Dataset extract.
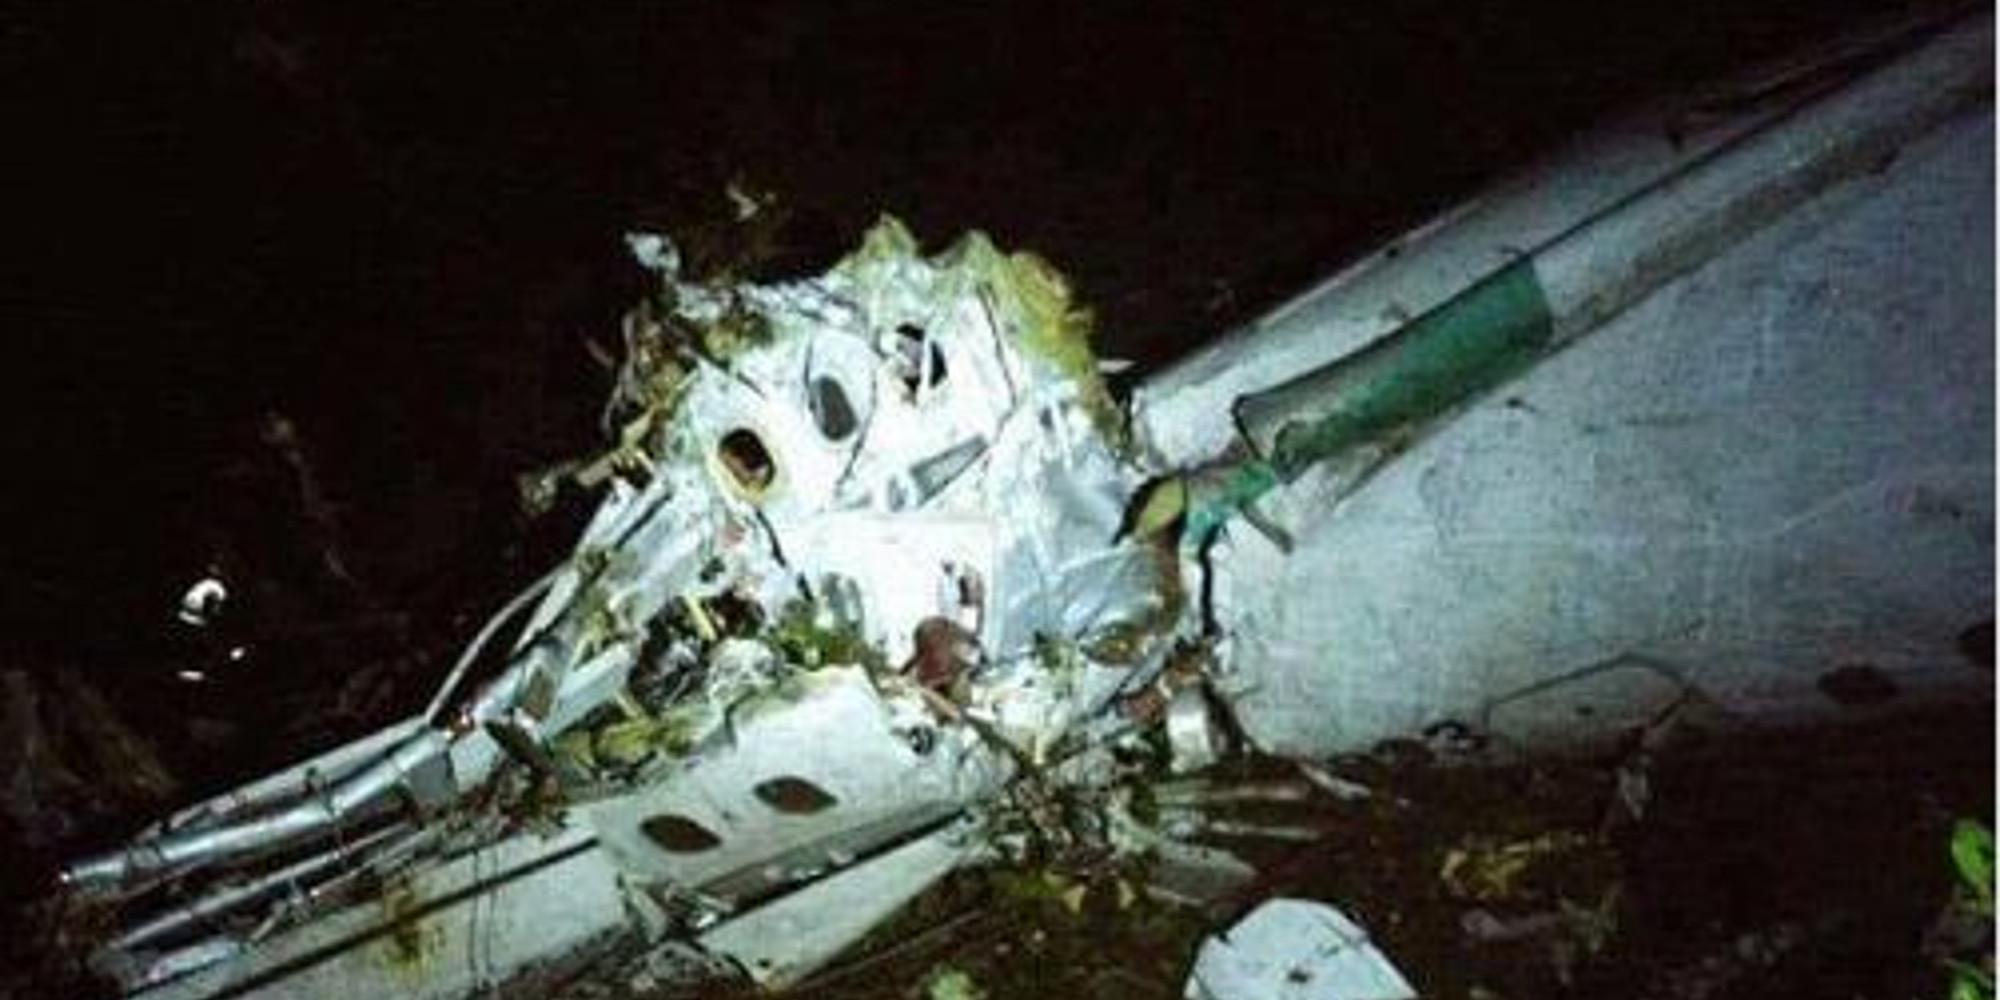 aeroplano-suntrivi-kolomvia-1000 Υπάρχουν επιζώντες από την συντριβή του αεροσκάφους στην Κολομβία
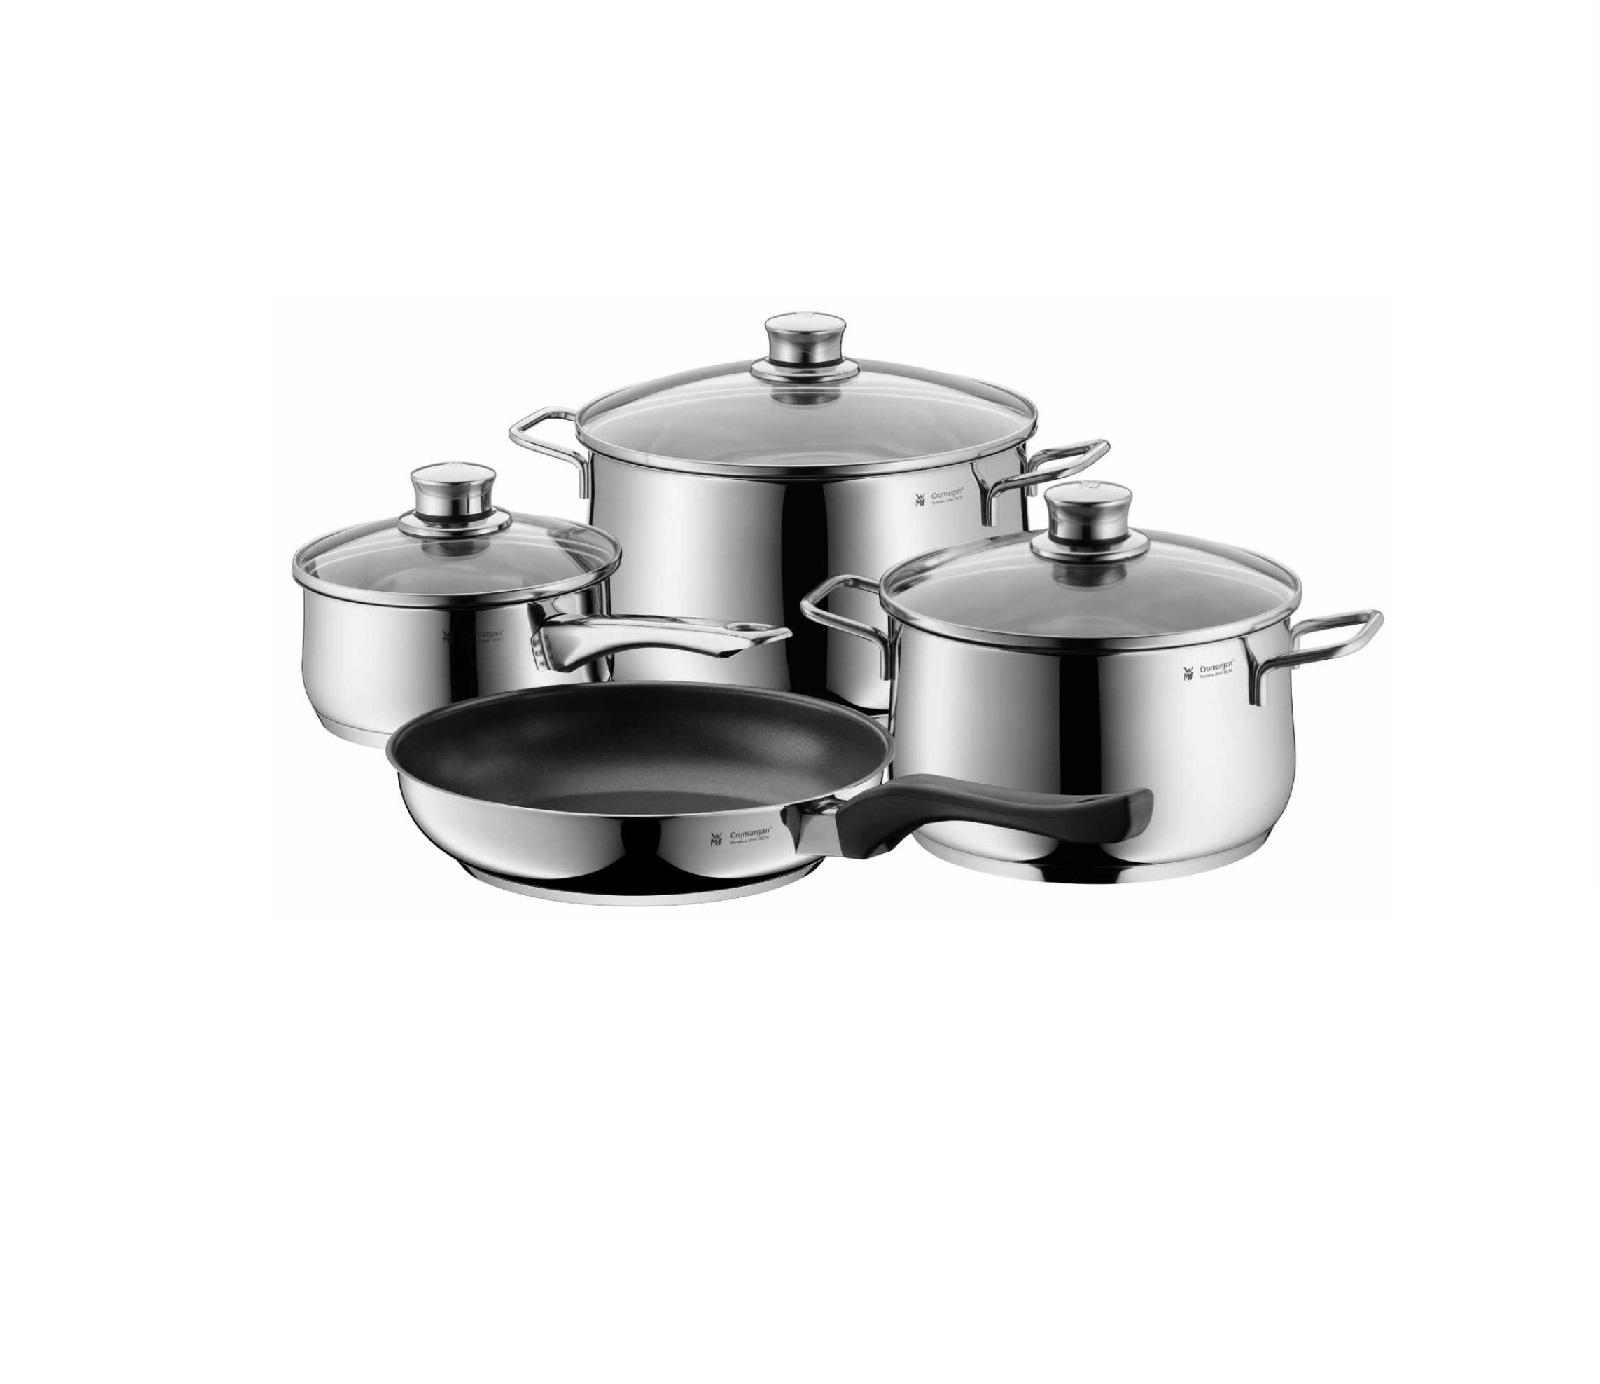 Набор кухонной посуды WMF DIADEM PLUS, кастрюля: 20 см х 3,5 л; 24 см х 6 л; ковш: 16 см х 1,5 л; сковорода 24 см, серебристый, 4 предмета WMF 07 3027 6040 PROMO фото 1
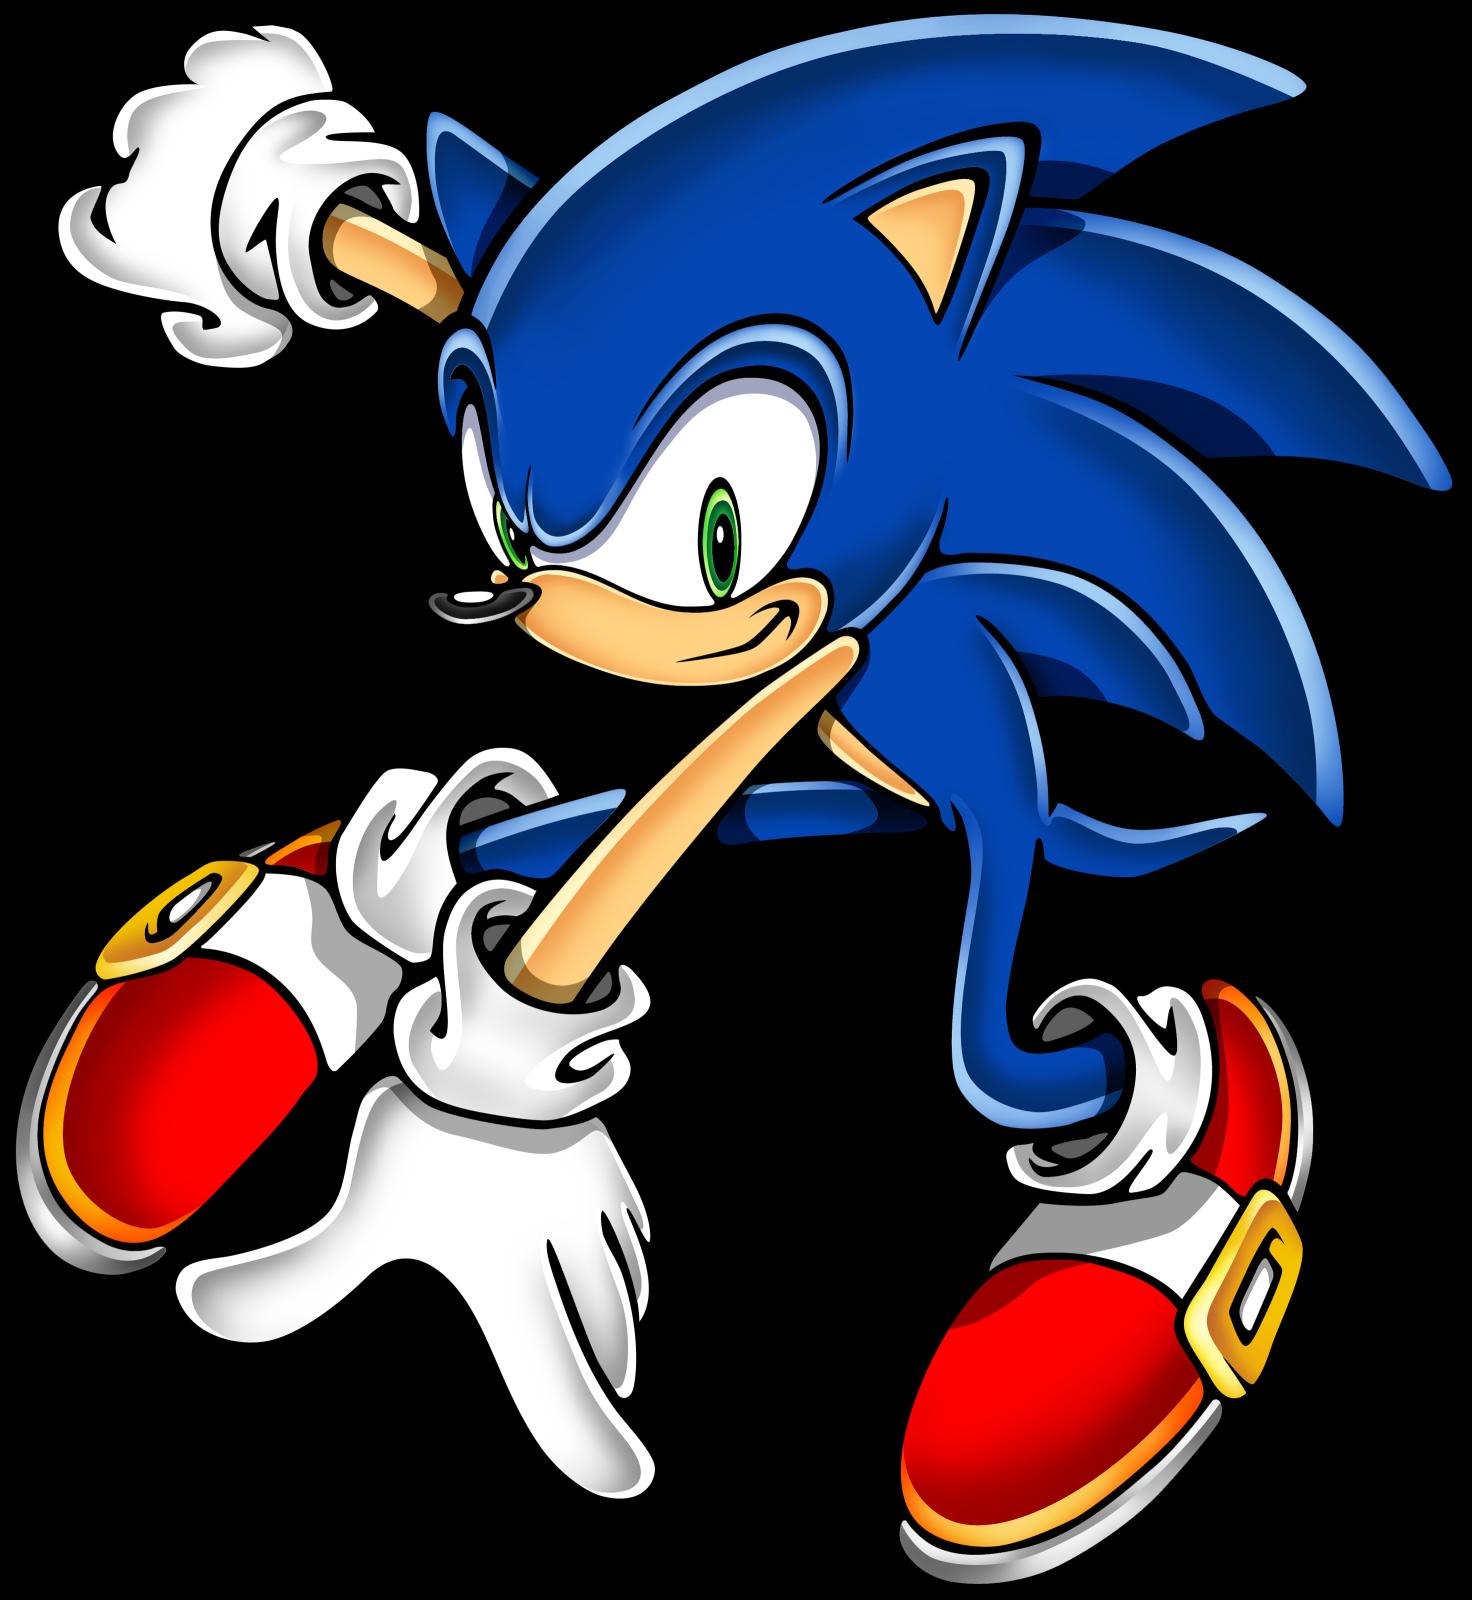 Hedgehog clipart colorful. Image sonic art assets

Task statement.
Copy out the listing above in full and keep the pictures out.

Exercise output.
 aeroplano-suntrivi-kolomvia-1000 Υπάρχουν επιζώντες από την συντριβή του αεροσκάφους στην Κολομβία
 Набор кухонной посуды WMF DIADEM PLUS, кастрюля: 20 см х 3,5 л; 24 см х 6 л; ковш: 16 см х 1,5 л; сковорода 24 см, серебристый, 4 предмета WMF 07 3027 6040 PROMO фото 1
 Hedgehog clipart colorful. Image sonic art assets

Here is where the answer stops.